DATA SEGMENT ▸
----------

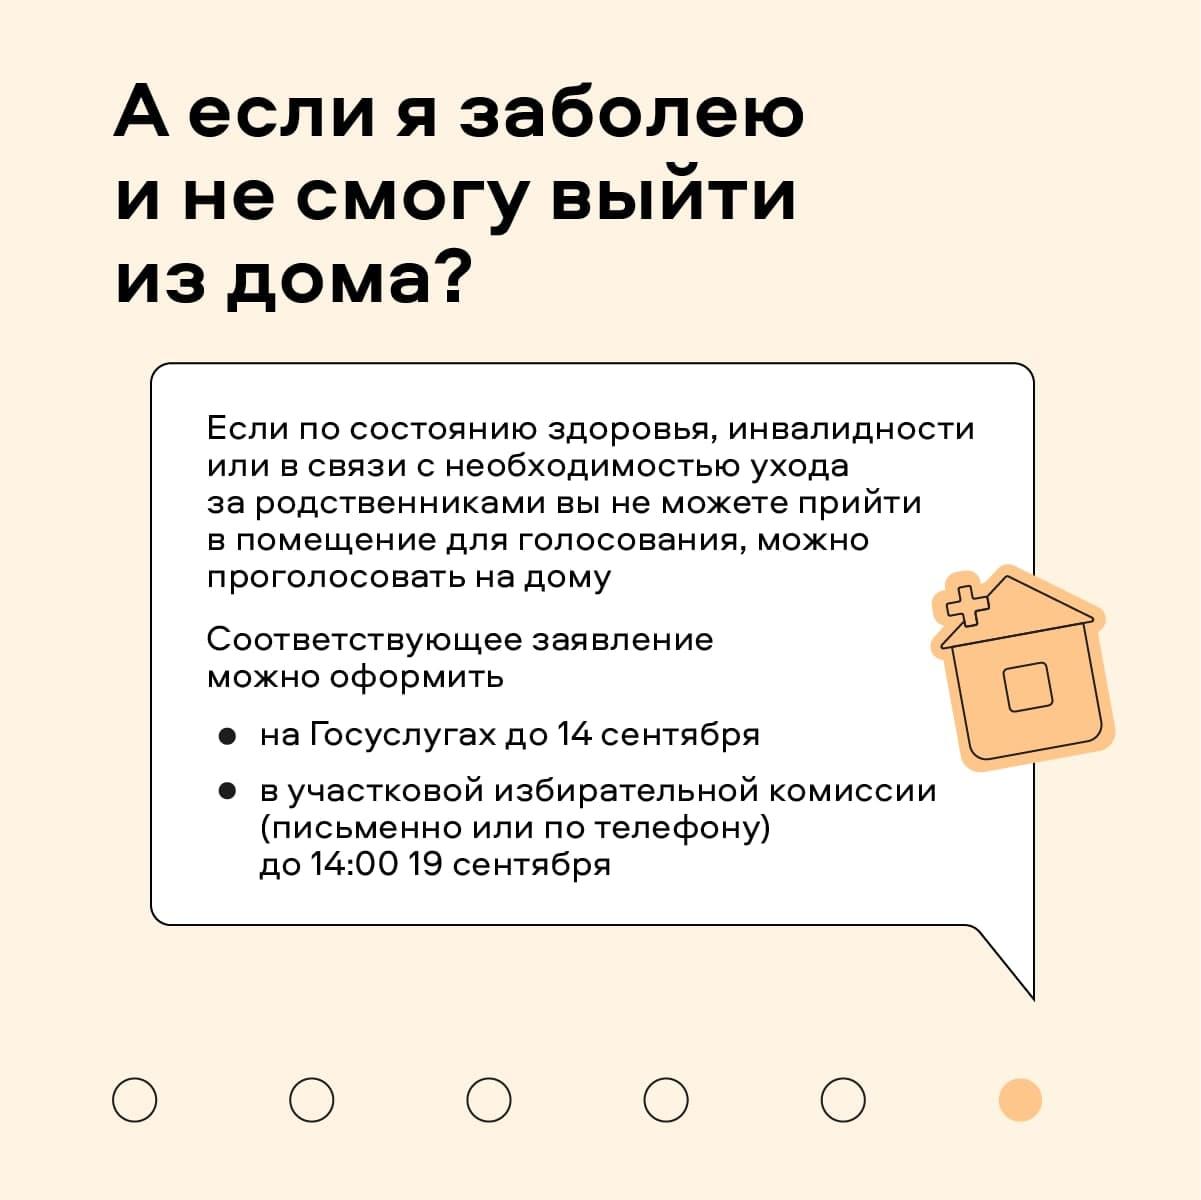 4fbdb7ff-9379-4d48-8b93-877e10a4989f
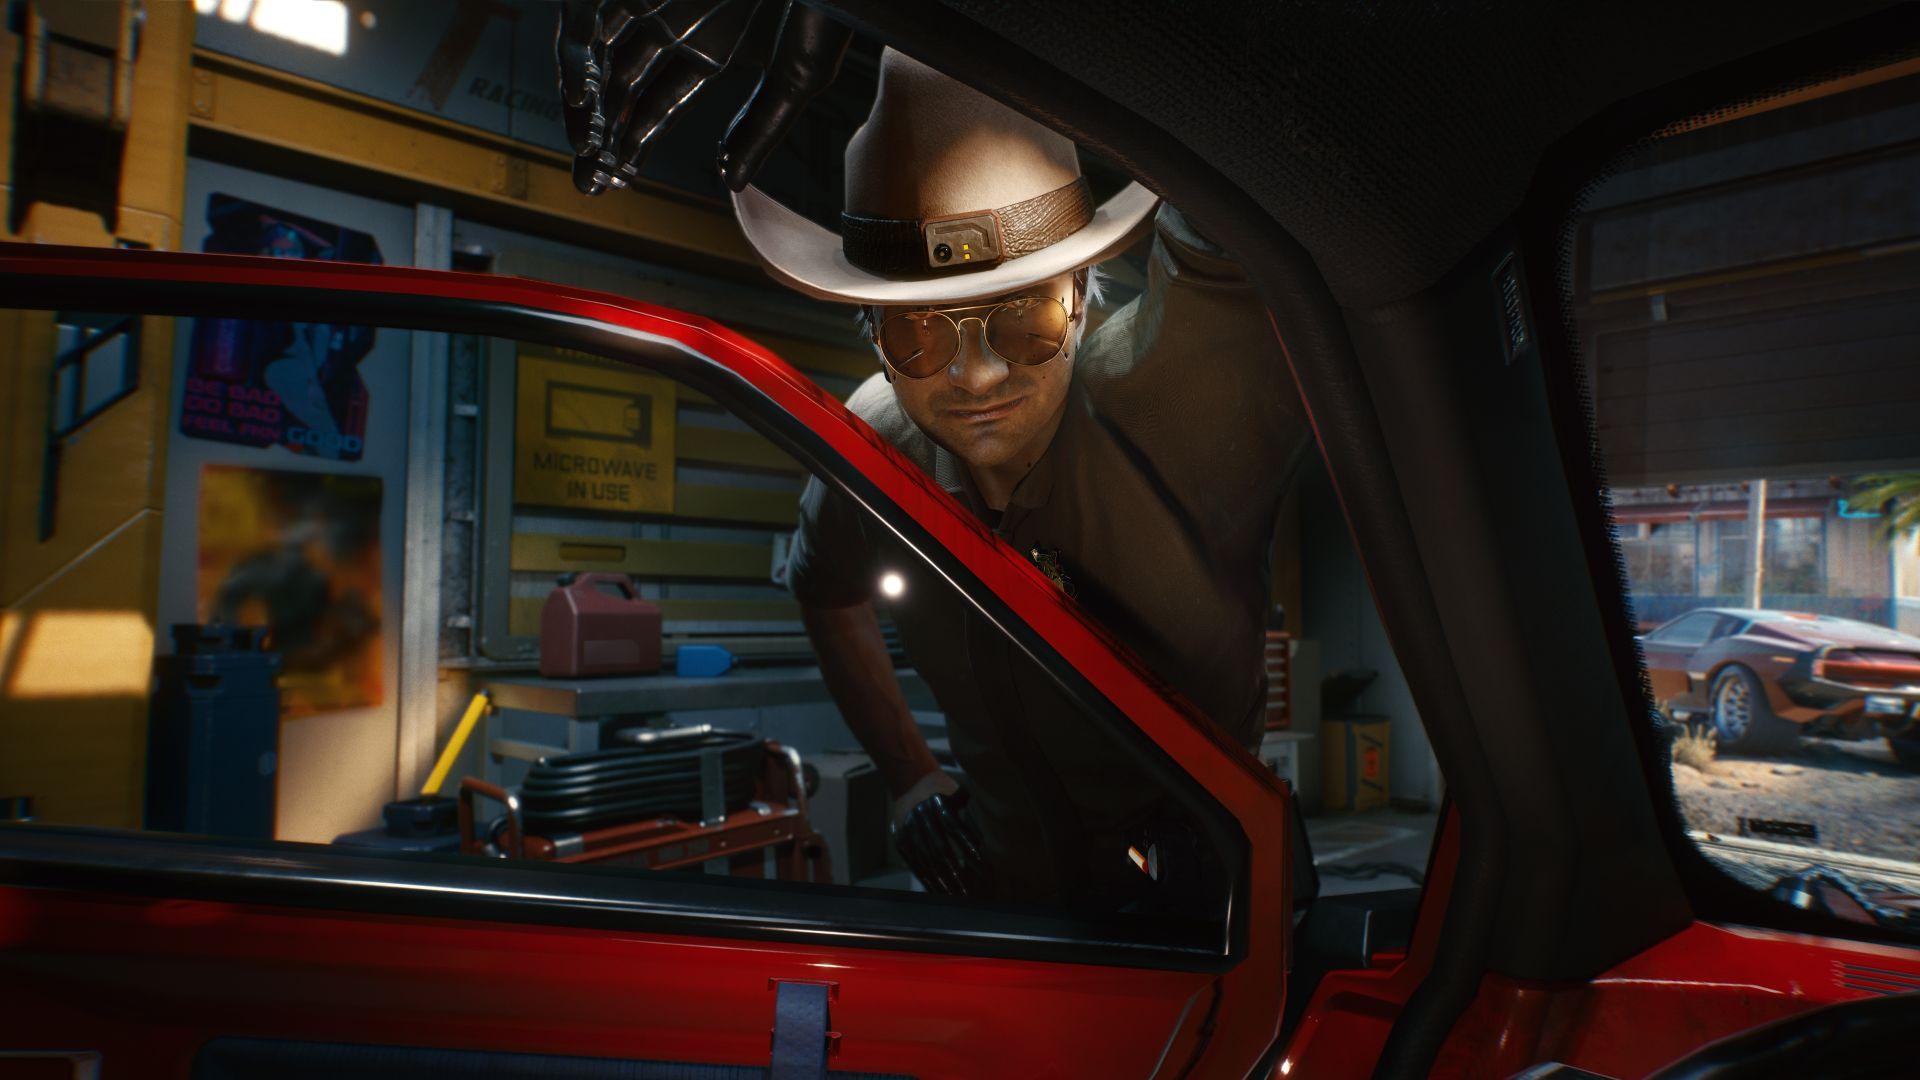 《赛博朋克2077》主角在对话中可以环顾四周 规避潜在危险
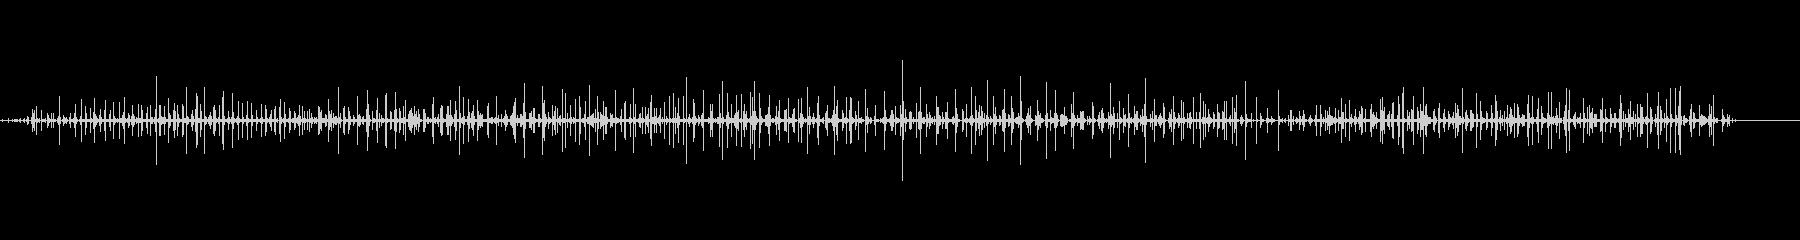 馬-キャリッジ-2頭の馬チーム-パセオ1の未再生の波形

----------

WHAT THE EXERCISE ASKS ▸
Except for the pictures, give all the material above again verbatim.

ANSWER SPACE ▸
 4fbdb7ff-9379-4d48-8b93-877e10a4989f
 《赛博朋克2077》主角在对话中可以环顾四周 规避潜在危险
 馬-キャリッジ-2頭の馬チーム-パセオ1の未再生の波形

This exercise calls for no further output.